Avez-vous observé au fil des années une évolution des mentalités chez les jeunes joueurs ?

Oui, ça a changé, mais ça ne date pas d’hier. Je pense qu’en France, on est réputé pour être l’une des meilleures nations au monde sur la formation. Pour preuve, on est celle qui a le plus de joueurs expatriés, notamment en Europe. Mais on a aussi le côté sombre de cette notoriété, où on a l’impression qu’on forme plus des individualités et de l’individualisme que quelquefois des joueurs d’équipe, et il faut qu’on fasse attention. Il faut continuer à former de très bons joueurs, mais qui restent dans l’esprit de l’équipe car c’est fondamental. Cela peut pencher du mauvais côté si on n’y prend pas garde. Il suffit qu’on s’endorme un petit peu, on se croit les meilleurs et puis on prend une claque. On doit toujours veiller à ce que la mentalité qu’on insuffle aux jeunes soit au centre des priorités. Sans ça, on ne peut pas former des joueurs mais aussi des hommes de qualité.

Après la riche carrière que vous avez eue et notamment un passage en Chine, où en êtes-vous aujourd’hui ?

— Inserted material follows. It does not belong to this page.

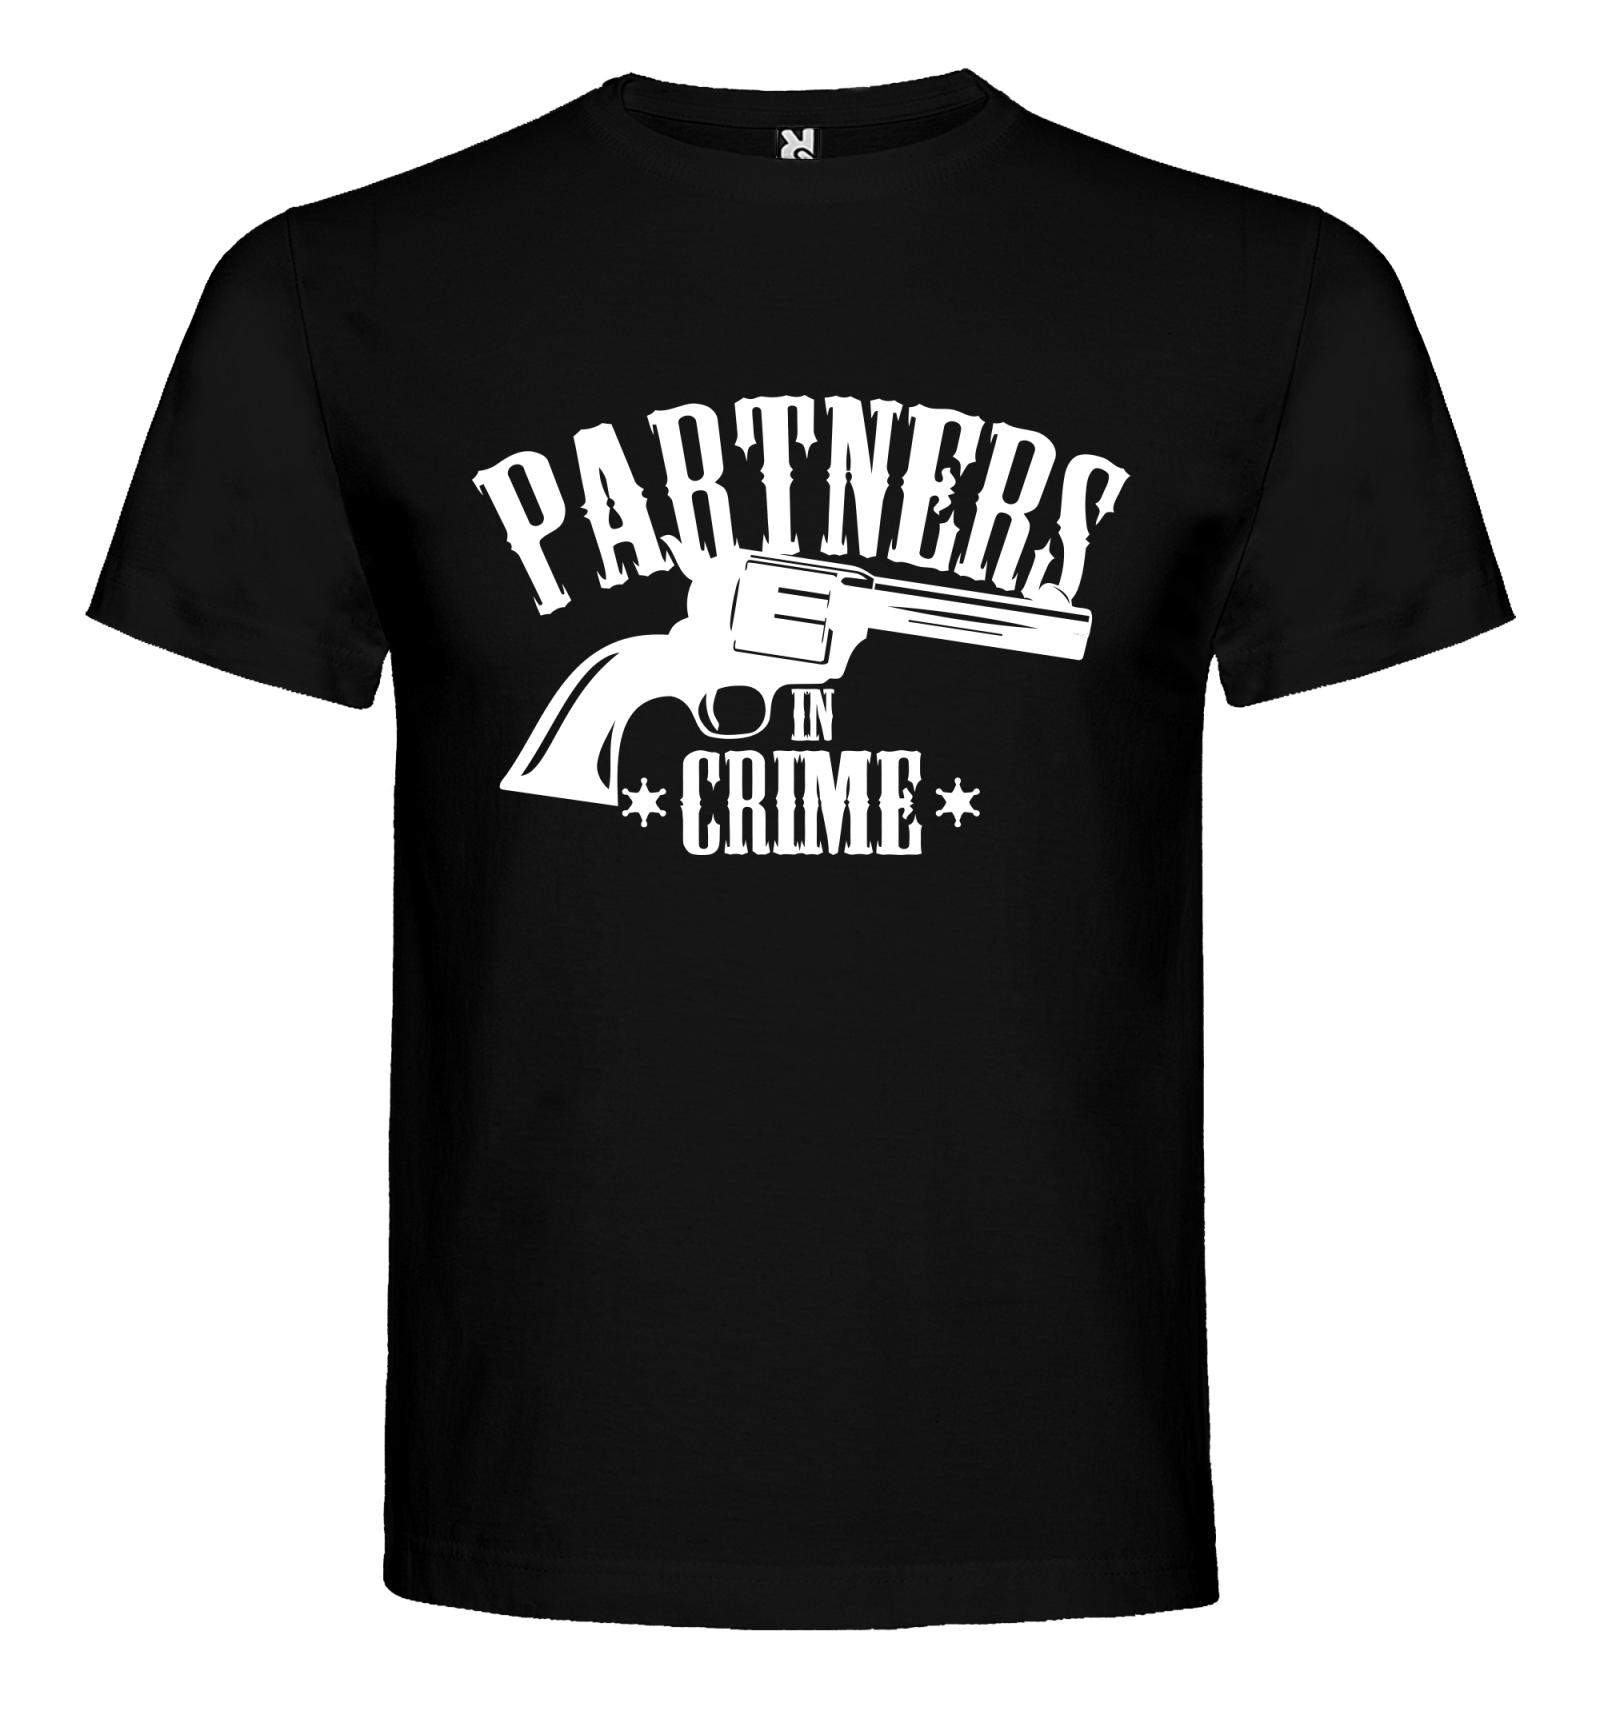 842ec5f79d0 Trička pro páry PARTNERS IN CRIME - BVTRIKO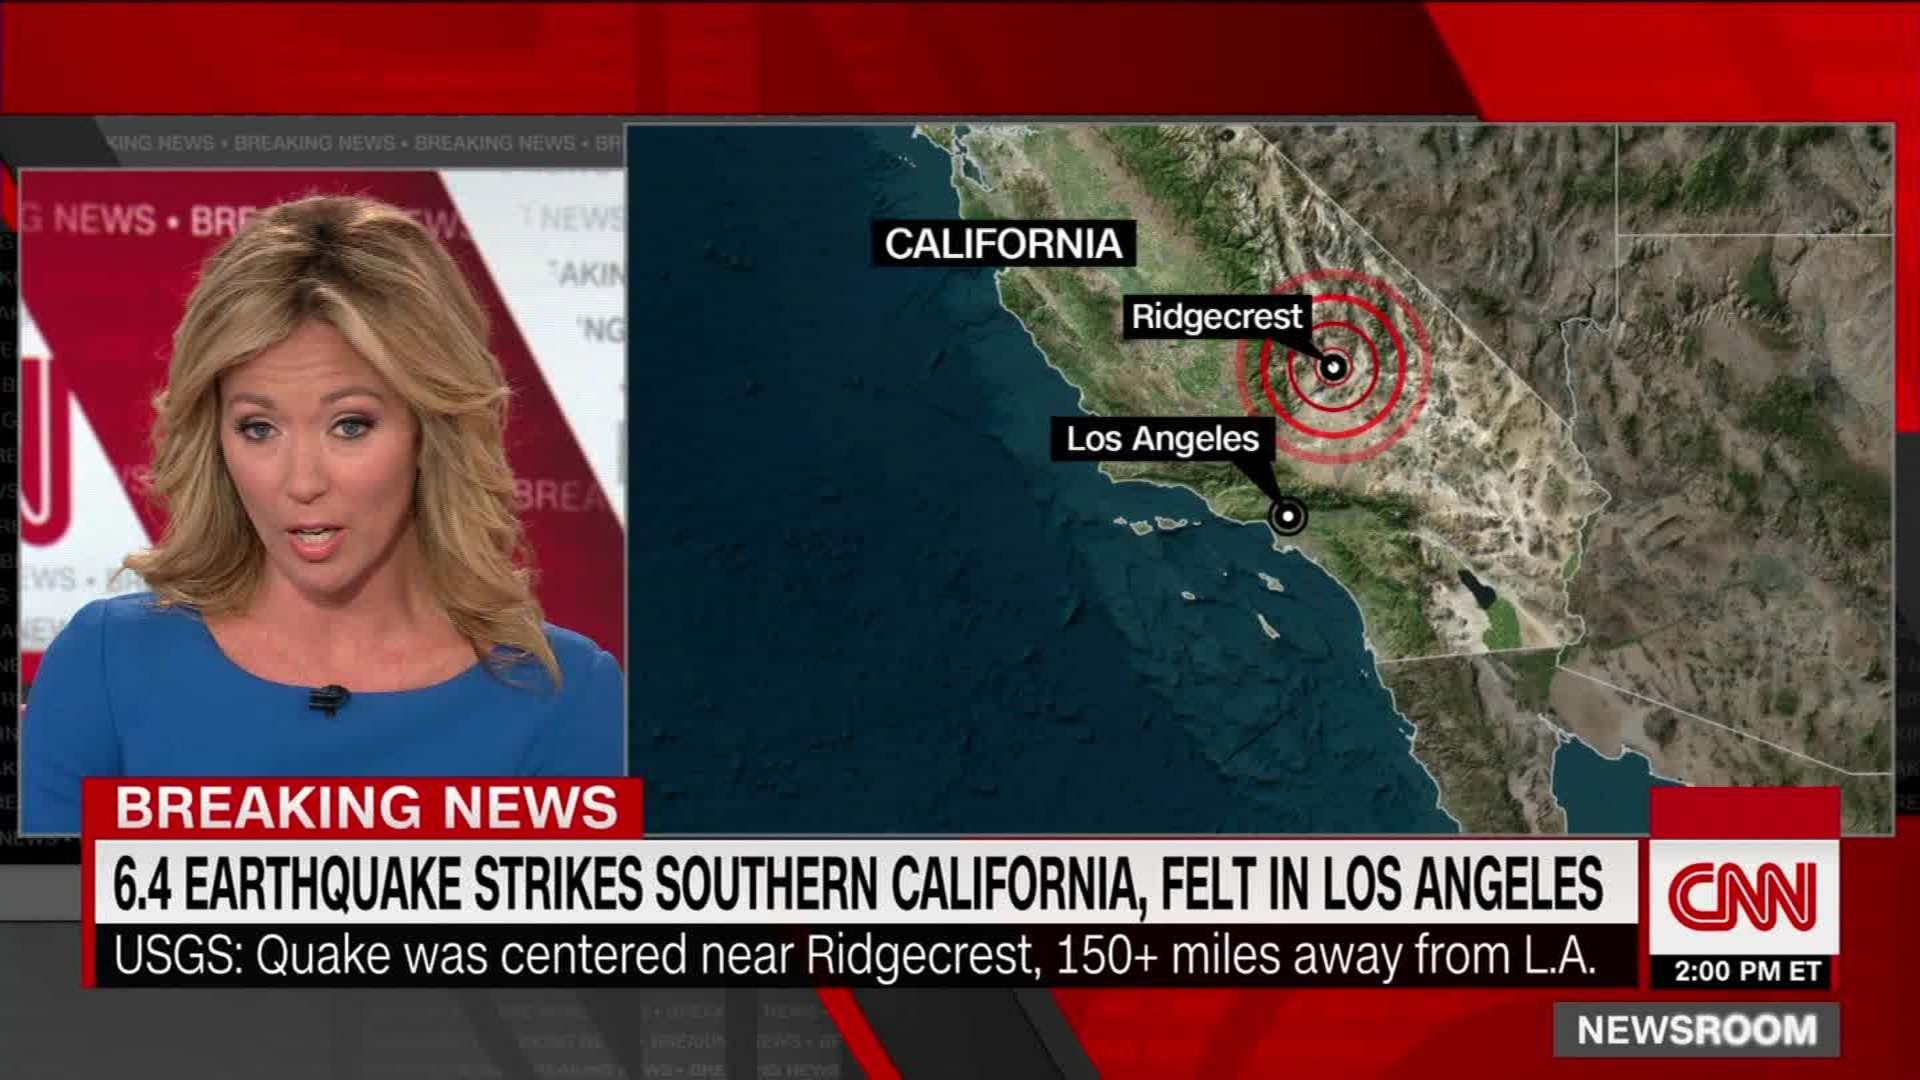 Man describes ride at Disneyland during 7 1 earthquake - CNN

Je suis presque à la retraite (rires). Je n’entraîne plus depuis 2019 et mon passage chez les équipes de jeunes en Chine. C’était une expérience très intéressante que j’ai pu faire grâce à mon ami Christian Damiano qui était le Directeur Technique National au sein de la Fédération Chinoise. Ce fut aussi une remise en question pour moi, car j’ai changé de culture, de manière de voir les choses. C’est un autre football, assez éloigné de la culture européenne, avec encore beaucoup de choses à apprendre et avec toutes les difficultés qu’ils ont là-bas. Depuis la fin de cette expérience, j’avais quelques projets qui sont tombés à l’eau ces derniers mois en raison de la crise sanitaire. Je suis donc en stand-by, j’attends que tout se calme au niveau sanitaire pour finir tranquillement ma carrière. Je me donne encore deux ou trois années quelque part pour me faire plaisir.